Thank you, Francesco
> On 3 Feb 2022, at 18:21, Francesco Guardiani <france...@ververica.com> wrote:
>
> Hi,
>
> I think the more stable option would be the first one, as it also gives you
> more flexibility. Reading the row as string and then parsing it in a query
> definitely costs more, and makes less straightforward to use the other Schema
> features of table, such as watermark definition, primary keys, etc.
>
> I guess you can implement it straightforwardly subclassing the existing json
> format provided by flink, in particular JsonRowDataDeserializationSchema.
>
> A third solution would be to create a SplitFunction, like the one you
> created, which directly performs the parsing, outputting rows rather than
> strings.
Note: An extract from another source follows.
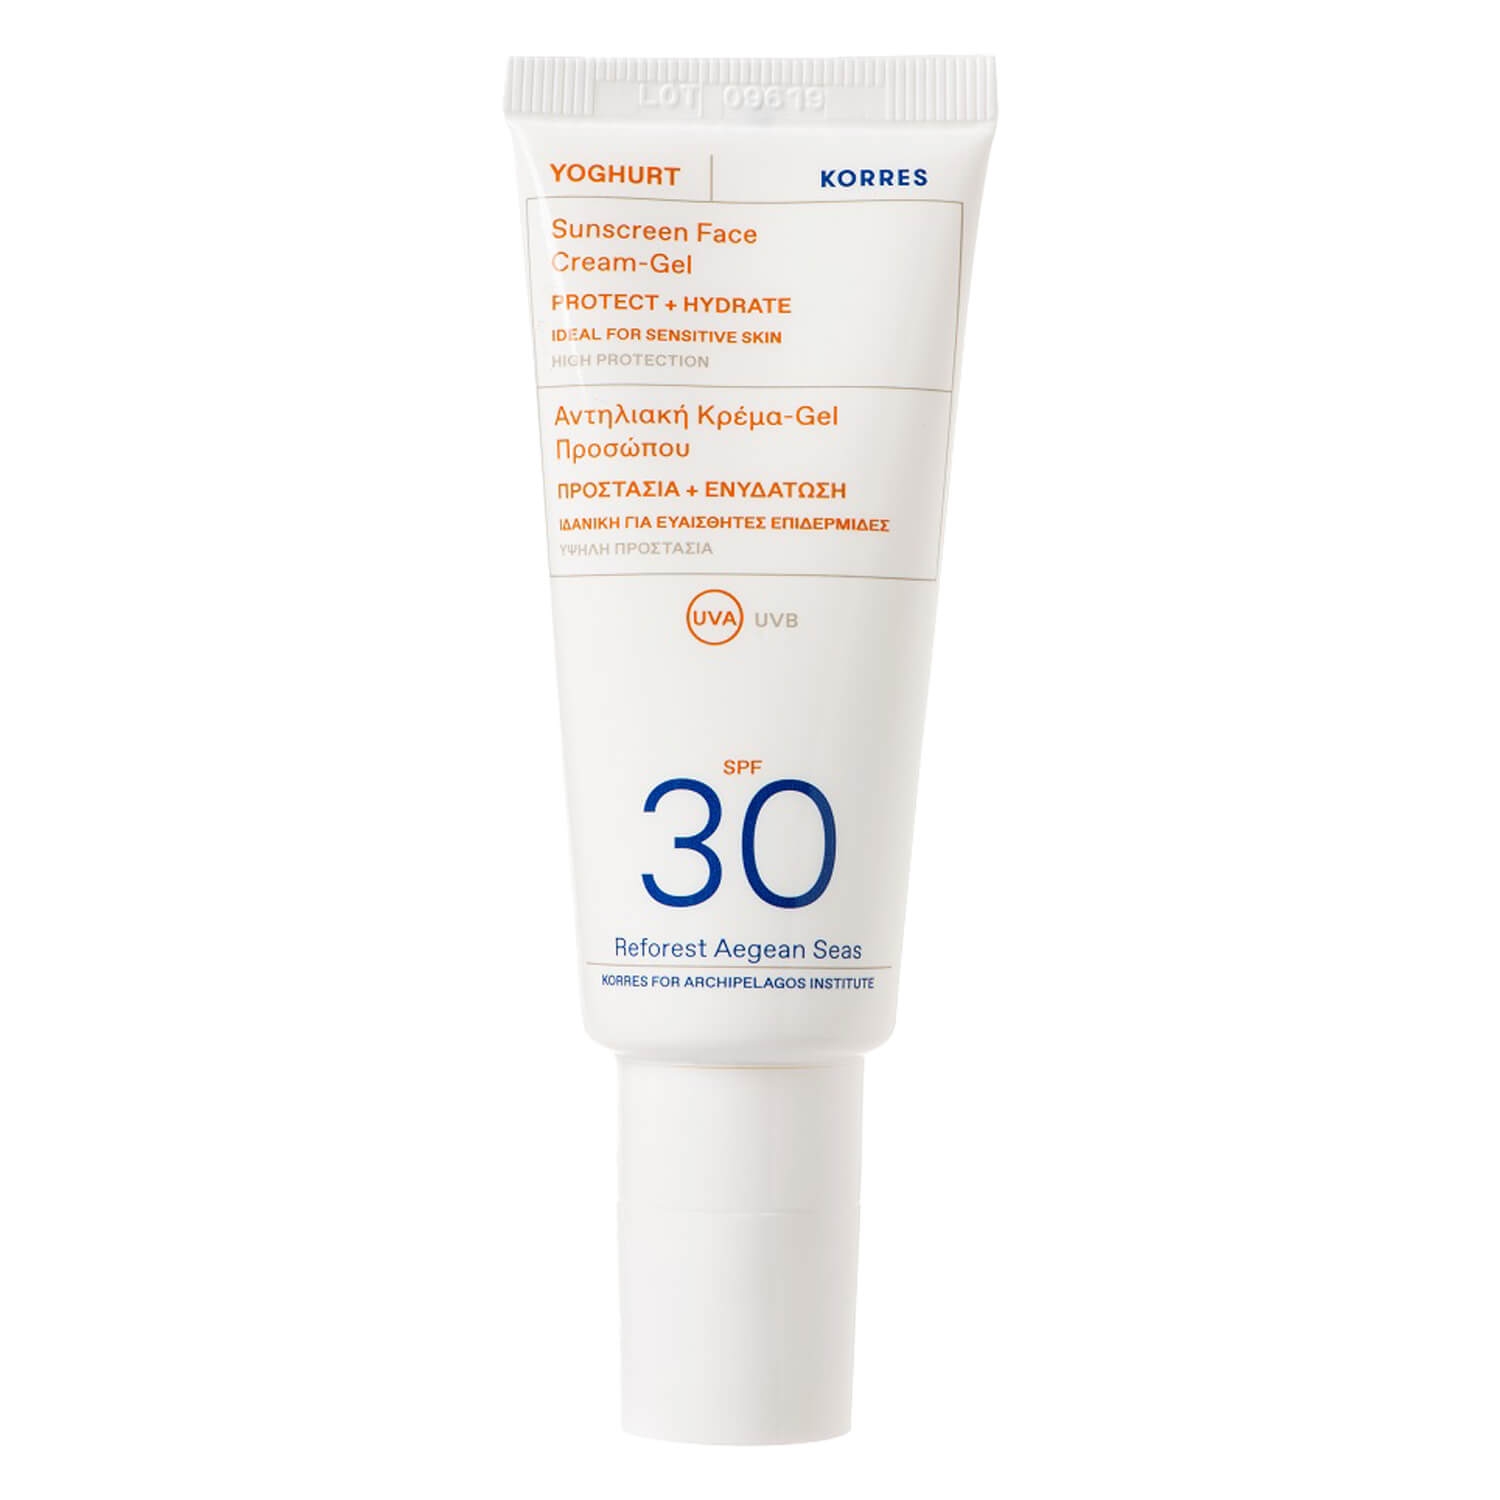 Image du produit de Korres Care - Yoghurt Sunscreen Face Cream-Gel SPF30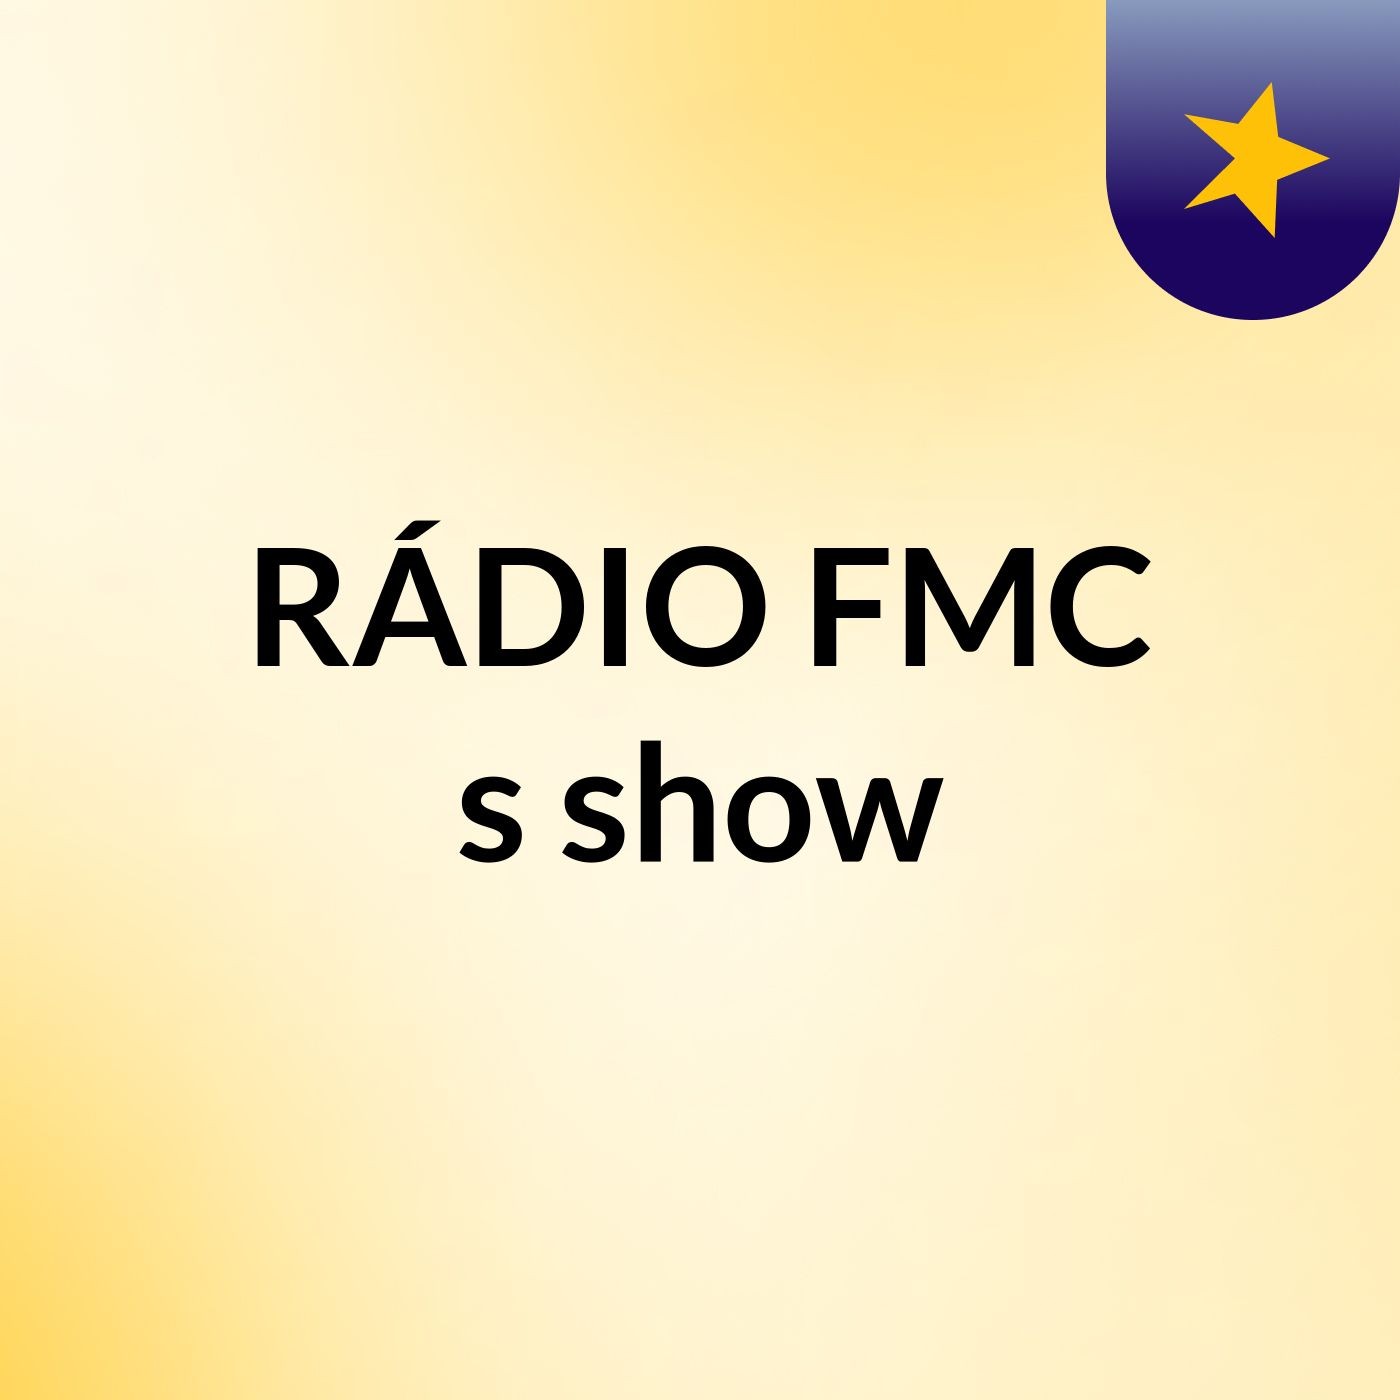 RÁDIO FMC's show

This removes the double parsing issue, but still create problems
> when interacting with other schema features.
>
> Hope it helps,
> FG
>
> On Thu, Feb 3, 2022 at 3:56 PM Илья Соин <ilya.soin...@gmail.com
> <mailto:ilya.soin...@gmail.com>> wrote:
> Hi,
>
> I’m using the Table / SQL API.
>
> I have a stream of strings, where each message contains several json strings
> separated by "\n”.
> For example:
> {“timestamp”: “2021-01-01T00:00:00”, person: {“name”: “Vasya”}}\n
> {“timestamp”: “2021-01-01T01:00:00”, person: {“name”: “Max” }}
>
> I would like to split each message by “\n”, parse each string as a json
> object and get some of the fields.
>
> AFIK there are 2 ways to do it:
>
> 1) Write custom deserialiser and provide it in source table DDL, i.e.
> CREATE TABLE source (
> timestamp STRING,
> person: ROW(name STRING)
> )
> WITH(‘format’ = ‘multiline-json’, …);
>
> 2) Use ‘format’ = ‘raw’ and extract the needed fields using .jsonValue, i.e.
>
> CREATE TABLE source (
> row STRING
> );
>
> env.from("source")
> .joinLateral(
> call(SplitFunction.class, $("row"), "\n").as(“msg")
> )
> .select(
> $("msg").jsonValue("$.timestamp", DataTypes.STRING()),
> $("msg").jsonValue(“$.person.name <http://person.name/>",
> DataTypes.STRING()).as(“name”)
> );
>
> In 2), will each call of .jsonValue parse the string all over again or will
> it reuse the same JsonNode object internally? Which option better fits my
> problem?
>
> __
> Best, Ilya